High level overview of the alerting service
flowchart TD
HAProxy --> App --> Storage
I’ve redacted any identifiable information, however the methodolgy remains the same.
Frontend (HAProxy)
The halog
tool can generate lots of useful reports. Adjust the time slice so you have a decent buffer before and after the time of the incident.
The snippet below will generate a series of reports:
- URL averages
- URL total times OK averages
- Connect/response histogram 1
The -e
flag filters by errors.
sudo cat /var/log/haproxy.log|halog -time "$(date '+%s' -d '6 hour ago')" -H -ua|awk 'NR==1;NR>1{print $0 | "sort -rnk4"}'|head -n25|column -t
sudo cat /var/log/haproxy.log|halog -e -time "$(date '+%s' -d '6 hour ago')" -H -uto|awk 'NR==1;NR>1{print $0 | "sort -rnk4"}'|head -n25|column -t
sudo cat /var/log/haproxy.log|halog -time "$(date '+%s' -d '6 hour ago')" -pct -q
sudo cat /var/log/haproxy.log|halog -time "$(date '+%s' -d '6 hour ago')" -H -srv|awk 'NR==1;NR>1{print $0 | "sort -rnk12"}'|column -t
Application server
Capture 5 minutes worth of TCP header data.
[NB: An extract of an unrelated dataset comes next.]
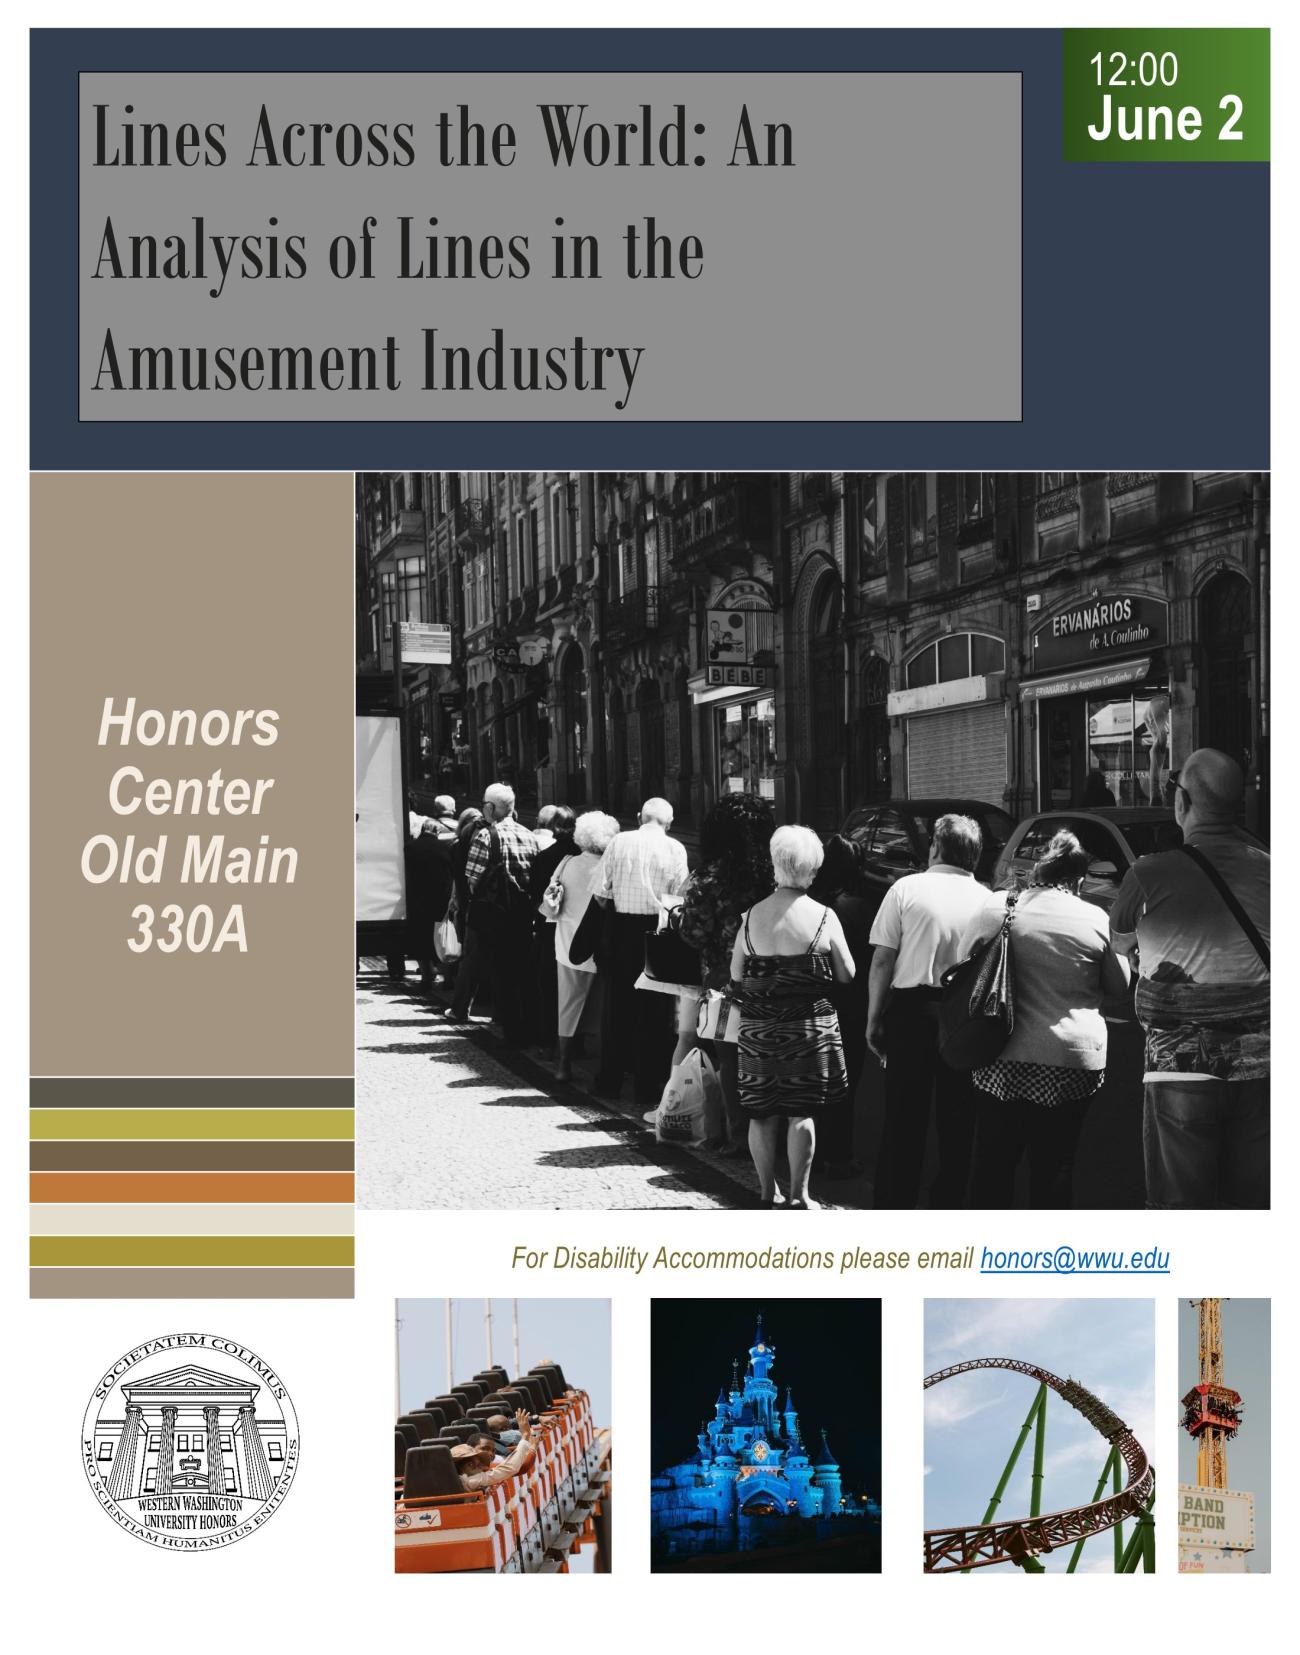 A poster with multiple images of people standing in lines, traditional roller coasters, and the Honors logo line the bottom of the poster. Text reads: "Lines Across the World: An Anlysis of Lines in the Amusement Industry. 12:00, June 2. Honors Center Old Main 330A. For Disability Accommodations, please email honors@wwu.edu."

Limit pcap file size to 500M. Absolute sequence numbers 2 .
intf=
timeout 300s tcpdump -i "${intf?}" -vvvSs 1500 -C500 -w cap_5m.pcap 'tcp && net 10.0.0.0/16'
Analyse the data with tshark
> cap.analysis \
tshark -r cap_5m.pcap -t ud \
-z \
endpoints,tcp \
-z \
expert,comment,tcp \
-T \
fields \
-e \
_ws.col.Time \
-e \
ip.src \
-e \
ip.dst \
-e \
tcp.dstport \
-e \
_ws.expert.message \
-e \
_ws.expert.severity \
-e \
_ws.expert.group \
-e \
_ws.col.Info
Identify any problematic flows from the cap.analysis
file tshark generated. In my case, I observed a high rate of TCP Window Full responses from the server, indicating that the application was pushing too much data to it, or the server may be having systemic overload issues.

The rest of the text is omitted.